Li has been careful to note that spatial intelligence is not in opposition to language models. The intended endpoint is multimodal systems that combine the symbolic fluency of LLMs with the spatial and physical grounding of world models and 3D representations, an architecture sometimes informally called "large world models" or "large multimodal models" ^[2]^[16].

What are the technical pillars of spatial intelligence?

Research in spatial intelligence draws on several distinct but converging technical pillars. The table below summarizes the main pillars and representative research directions associated with each.

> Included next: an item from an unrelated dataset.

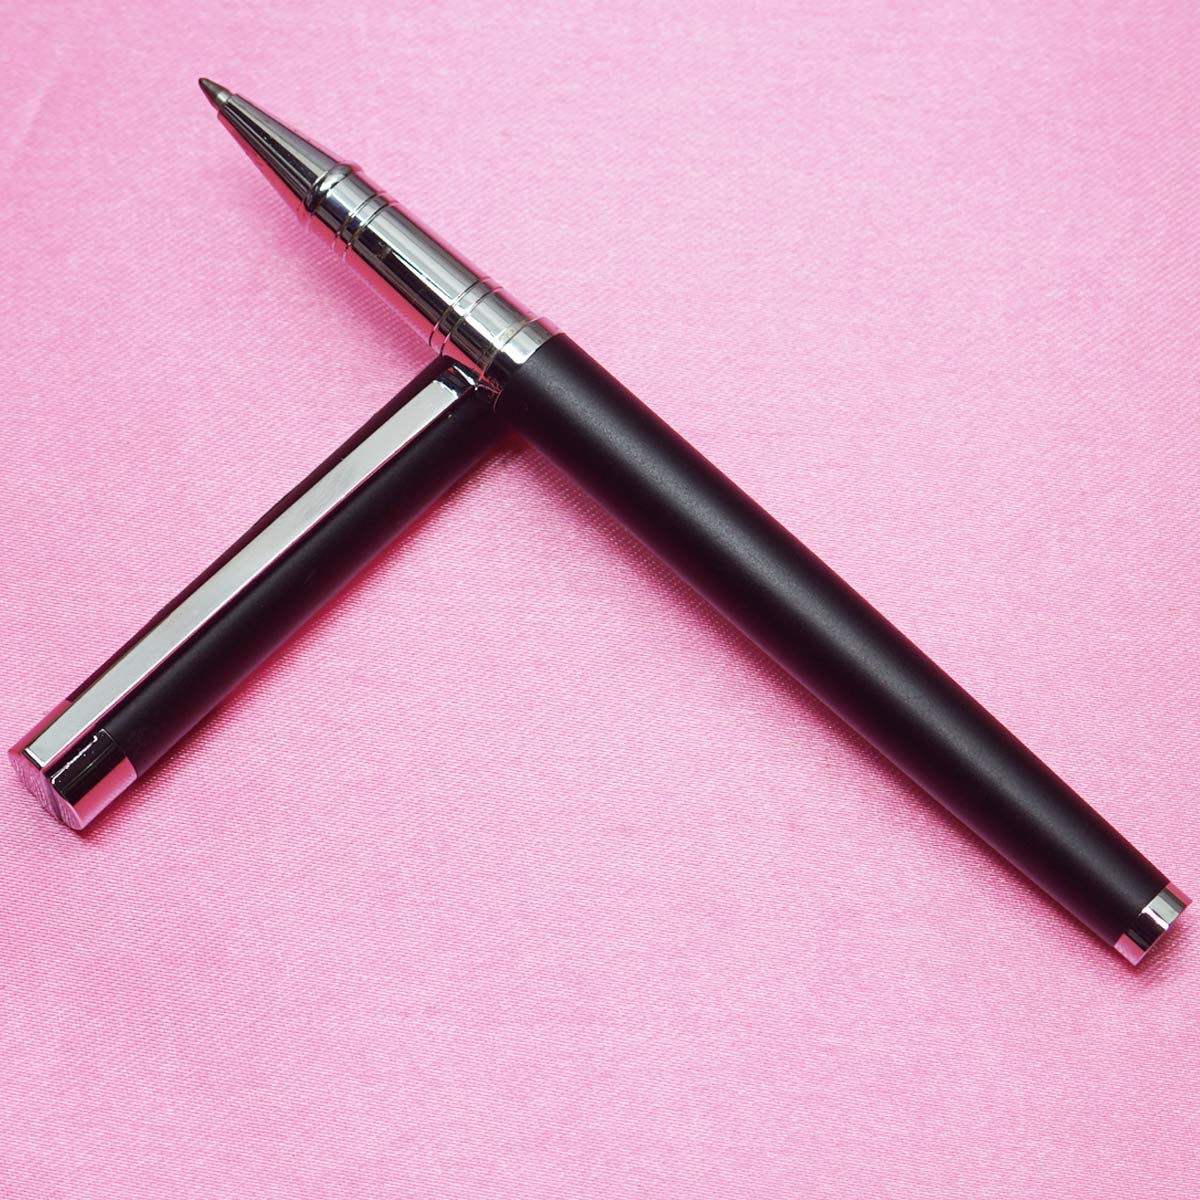 Jinhao 126 Black Color Body and Cap with Silver Trims Roller Ball Pen SKU 22342

Pillar	What it provides	Representative methods and systems
Scene understanding	Semantic parsing of objects, surfaces, and relations in 2D and 3D	Open-vocabulary segmentation, 3D scene graphs, vision-language models with spatial grounding
3D reconstruction	Geometric models of real or imagined scenes from images or video	Structure-from-motion, multi-view stereo, NeRFs, Gaussian splatting
Generative world synthesis	Creation of new 3D scenes from text, images, or video prompts	World Labs Marble, NVIDIA Lyra, video diffusion models distilled into 3D
Geometric and physical reasoning	Predictions that respect spatial layout, occlusion, contact, and physical law	Differentiable physics, neural simulators, physics-aware video models
Dynamics and prediction	Forecasts of how scenes evolve under time and action	World models, latent dynamics models, video prediction
Embodiment and control	Linking perception to action for robots and agents	Vision-language-action models, PaLM-E, policy learning in simulation, sim-to-real transfer

A recurring engineering insight is that no single representation suffices. Industrial systems typically combine 2D foundation models, explicit 3D structure, and learned dynamics. A 2025 survey on embodied spatial intelligence argued that the most promising path is to integrate high-quality 3D structure with large-scale 2D foundation models rather than treat them as competing options ^[17].

Scene understanding

Spatially intelligent systems need to know not just what objects exist in an image but where they are, how they relate, and what affordances they offer. Research in open-vocabulary 3D segmentation, 3D scene graphs, and vision-language models with spatial grounding aims to fill this gap. Benchmarks measuring distance estimation, object rotation, and spatial memory have repeatedly shown that even state-of-the-art multimodal models struggle with tasks that are trivial for humans ^[18].

3D reconstruction

Reconstruction methods convert images and video into explicit or implicit 3D representations. Classical structure-from-motion and multi-view stereo remain workhorses for tasks like mapping. Neural approaches such as NeRFs and Gaussian splatting deliver higher fidelity for novel-view synthesis and have become standard outputs of generative pipelines. By 2025, Gaussian splatting had been adopted as a candidate addition to the glTF standard, signaling its emergence as the "JPEG of 3D" ^[14].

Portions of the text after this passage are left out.